February is an excellent time to cut back roses growing in your landscape. Hybrid tea and grandiflora roses, in particular, should be pruned around this time every year. Otherwise, these roses tend to become leggy, less vigorous and unattractive and do not bloom as well.
Other types of roses, such as floribunda, polyantha, landscape and everblooming old garden roses, generally require less drastic pruning. But they still benefit from pruning to improve their shape or control their size when necessary.
If you have purchased or intend to purchase new rose bushes, you don’t have to worry about pruning them. Newly purchased roses have already been pruned, and no further pruning is required.
When pruning roses, use sharp bypass-type hand pruners that make clean cuts and minimize damage to the stems. I always wear a sturdy pair of leather gloves and long sleeves because no matter how careful you are, thorny roses can painfully puncture or scratch your hands and arms. Should you need to cut canes larger than one-half inch in diameter, you should use loppers.
Pruning hybrid tea and grandiflora roses
When pruning hybrid tea and grandiflora roses, first prune out all diseased or dead canes, cutting them back to their point of origin. Weak, spindly canes the diameter of a pencil or less should also be removed the same way. A good rose bush should have four to eight strong healthy canes the diameter of your finger or larger after this first step.

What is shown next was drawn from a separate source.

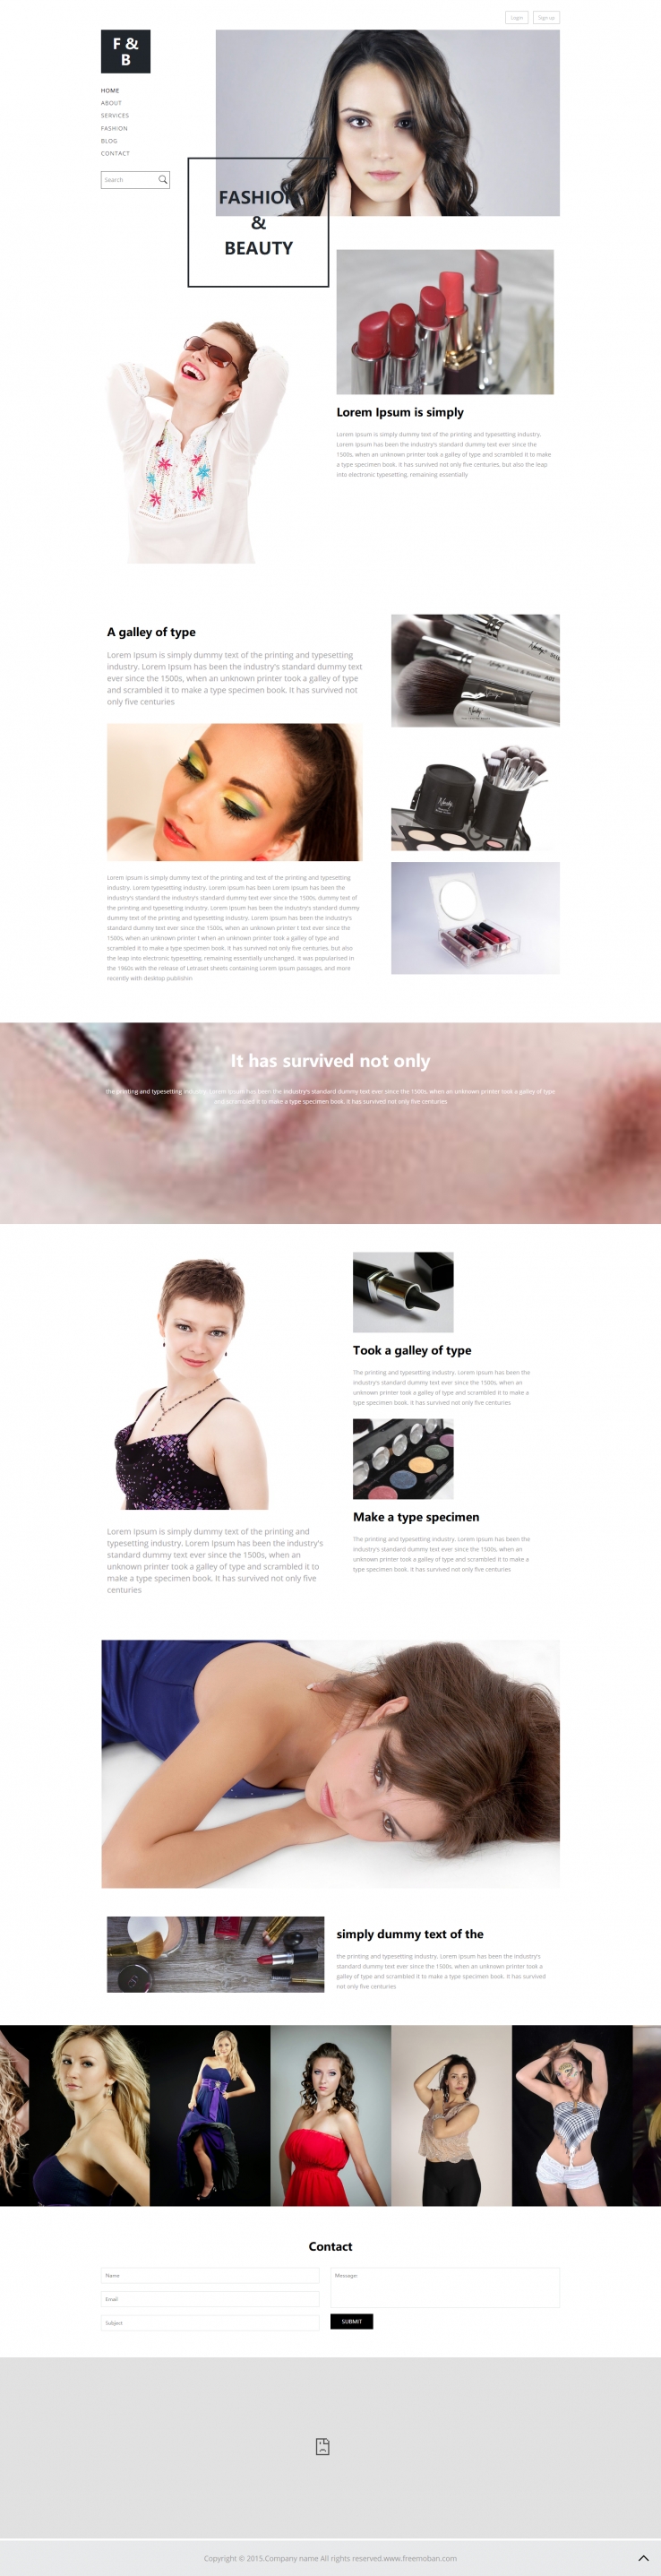 黑色个性风格的模特时装周网站模板下载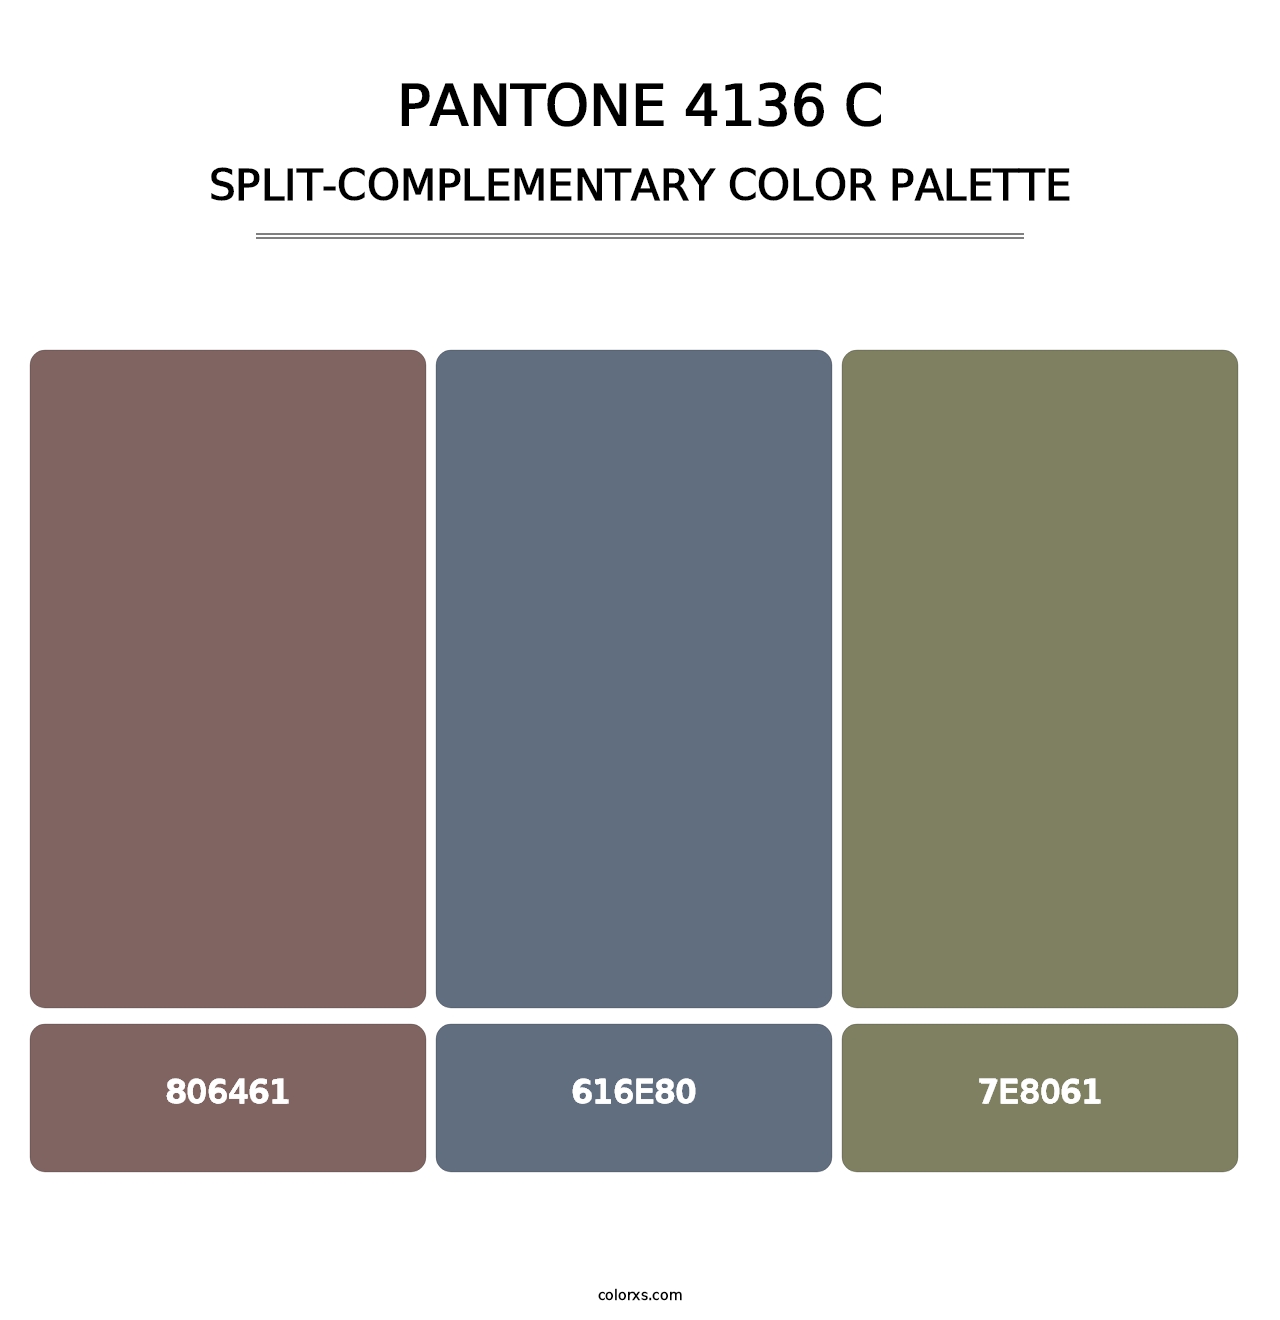 PANTONE 4136 C - Split-Complementary Color Palette

The next step is to cut back the remaining canes to about 18 to 24 inches from ground level. When you prune back a cane, make the cut about one-quarter inch above a dormant bud or newly sprouted side shoot. Try to cut back to buds that face outward, away from the center of the bush. The new shoot produced by the bud will grow outward, opening up the bush for light, air and orderly growth. This may seem picky, but this really does make a difference.
Pruning other types of roses
Everblooming old garden roses, floribunda roses, polyantha roses and landscape roses are also prune in late January or early February. These roses, in general, have more pleasing shapes without severe pruning. They are only lightly shaped under most circumstances unless there is a need to control their size.
If you need to control the size, first cut especially tall, vigorous canes back to about half the height of the rest of the bush. Then, cut back or trim less-vigorous growth to shape and reduce the overall size of the bush. Don’t forget to prune out any dead or badly diseased canes as well.
A simpler method is often used, particularly on the popular Knock Out rose and it’s many variations. Cut these roses back about one-third in normal circumstances. Where size control is needed – these shrubs can easily reach 6 feet tall and wide – cut the bushes back about two-thirds, but don’t cut them shorter than 18 inches from the ground.
Pruning once-blooming roses
Any roses that are not everblooming, including many climbing and rambling roses – such as Lady Banks, Dorothy Perkins, Cherokee and Blaze – and some antique varieties – such as Seven Sisters and Marie Louis – should not be pruned now. These roses produce their flowers in one big gush during late spring and early summer on growth made the previous year. Then they bear few or no flowers the rest of the year. If pruned back hard now, they will produce few, if any, flowers. If extensive pruning is necessary, it is best done in midsummer after they have finished flowering.
Pruning climbing roses and ramblers is largely determined by how large you want them to be and what type of structure they are being trained to grow on – fence, arbor, trellis, etc. Pruning, when done, is more selective and less extensive.
First, prune off any canes that are growing in the wrong way or direction, such as away from the support. This will make it easier to train the remaining canes on to the support you have provided. Next, thin out the remaining canes if needed, cutting back the oldest, woodiest canes to within a foot of the ground. Carefully remove them from the remaining growth. Finally, do any other pruning to shorten, thin out and shape the climbing rose in order to train it attractively on its support. This can be done now for everblooming climbers, but wait until midsummer after flowering for those that don’t repeat bloom.
Many nurseries already have their rose bushes in, and February is a good time to plant. Early planting allows rose bushes to become established before they begin to bloom. This increases the number and quality of flowers, and the bush is better prepared to deal with summer heat when it arrives in May. Plant roses in a sunny, well-prepared bed that has excellent drainage.